The main goal of BQ is to dramatically reduce the size of your vector index, resulting in faster searches with less resources. This is especially useful in sqlite-vec, which is (currently) brute-force only and meant to run on small devices. BQ is an easy low-cost method to make larger vector datasets easier to manage.

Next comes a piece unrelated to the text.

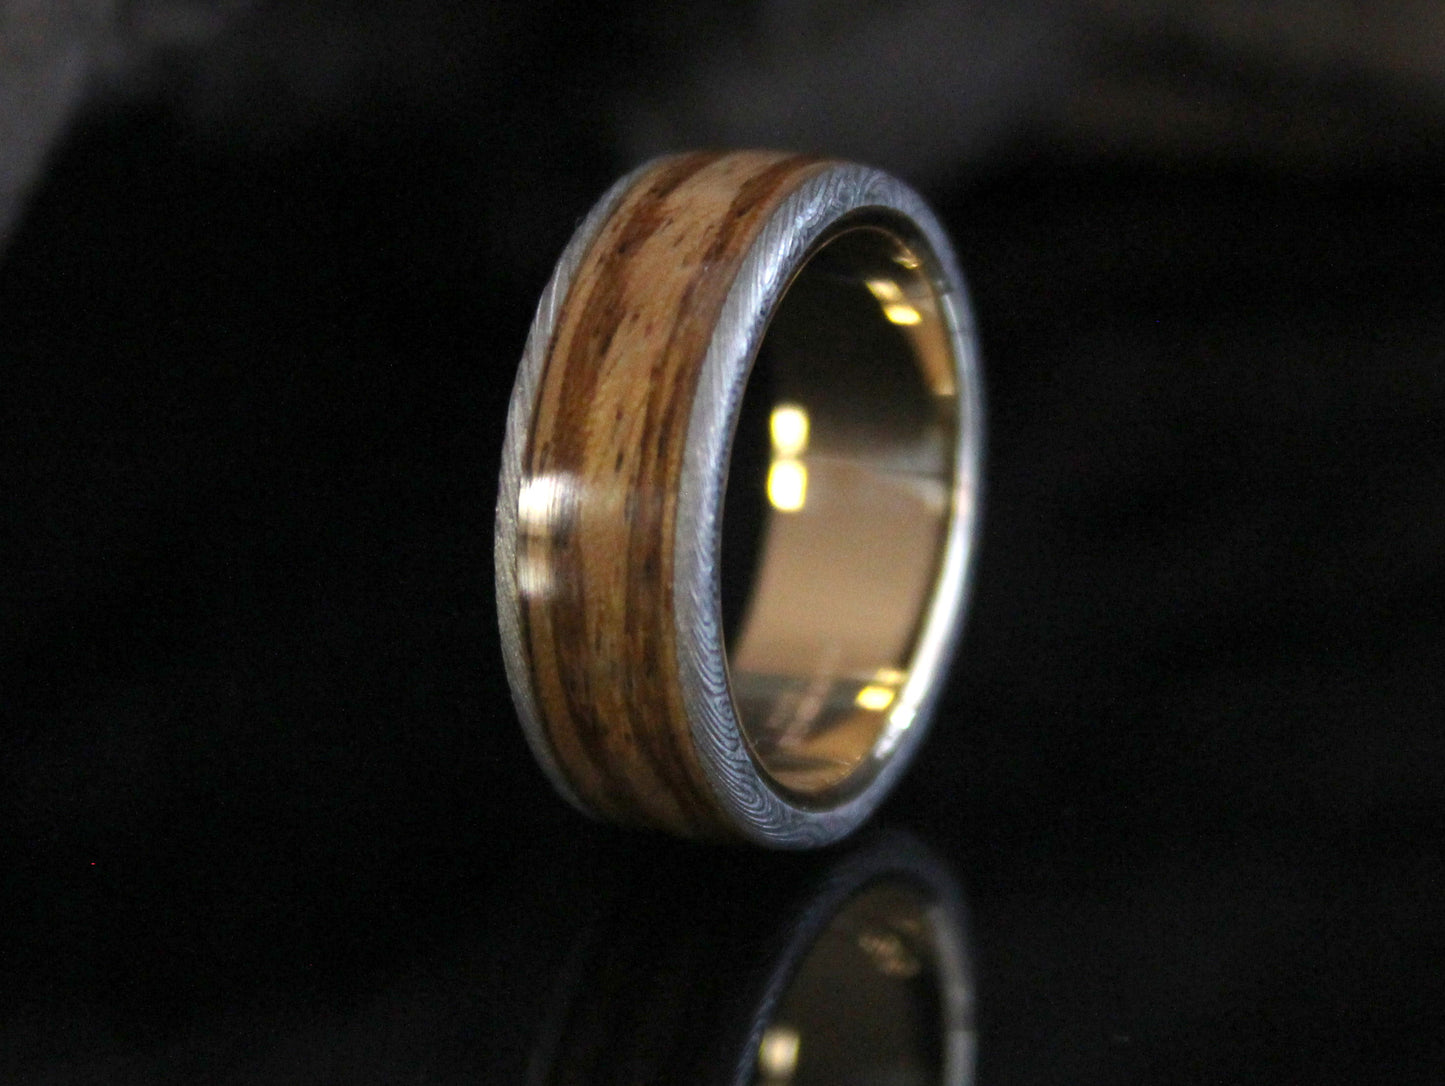 Gold & Damascus Steel Ring with Zebra Wood

Binary Quantization sqlite-vec ​

The sqlite-vec extension offers a vec_quantize_binary() SQL scalar function, which applies binary quanitization to a float32 or int8 vector. For every element in a given vector, it will apply 0 to negative values and 1 to positive values, and pack them into a BLOB.

sqlite
select vec_quantize_binary(
  '[-0.73, -0.80, 0.12, -0.73, 0.79, -0.11, 0.23, 0.97]'
);
-- X'd4`

The single byte 0xd4 in hexadecimal is 11010100 in binary.

Demo ​

Here's an end-to-end example of using binary quantization with vec0 virtual tables in sqlite-vec.

sqlite
create virtual table vec_movies using vec0(
  synopsis_embedding bit[768]
);
sqlite
insert into vec_movies(rowid, synopsis_embedding)
 VALUES (:id, vec_quantize_binary(:vector));
sqlite
select
  rowid,
  distance
from vec_movies
where synopsis_embedding match vec_quantize_binary(:query)
order by distance
limit 20;

Re-scoring ​

sqlite
create virtual table vec_movies using vec0(
  synopsis_embedding float[768],
  synopsis_embedding_coarse bit[768]
);
sqlite
insert into vec_movies(rowid, synopsis_embedding, synopsis_embedding_coarse)
 VALUES (:id, :vector, vec_quantize_binary(:vector));
sqlite
with coarse_matches as (
  select
    rowid,
    synopsis_embedding
  from vec_movies
  where synopsis_embedding_coarse match vec_quantize_binary(:query)
  order by distance
  limit 20 * 8
),
select
  rowid,
  vec_distance_L2(synopsis_embedding, :query)
from coarse_matches
order by 2
limit 20;

Benchmarks ​

Model support ​

Certain embedding models, like Nomic's nomic-embed-text-v1.5 text embedding model and mixedbread.ai's mxbai-embed-large-v1 are specifically trained to perform well after binary quantization.

Other embeddings models may not, but you can still try BQ and see if it works for your datasets. Chances are, if your vectors are normalized (ie between -1.0 and 1.0) there's a good chance you will see acceptable results with BQ.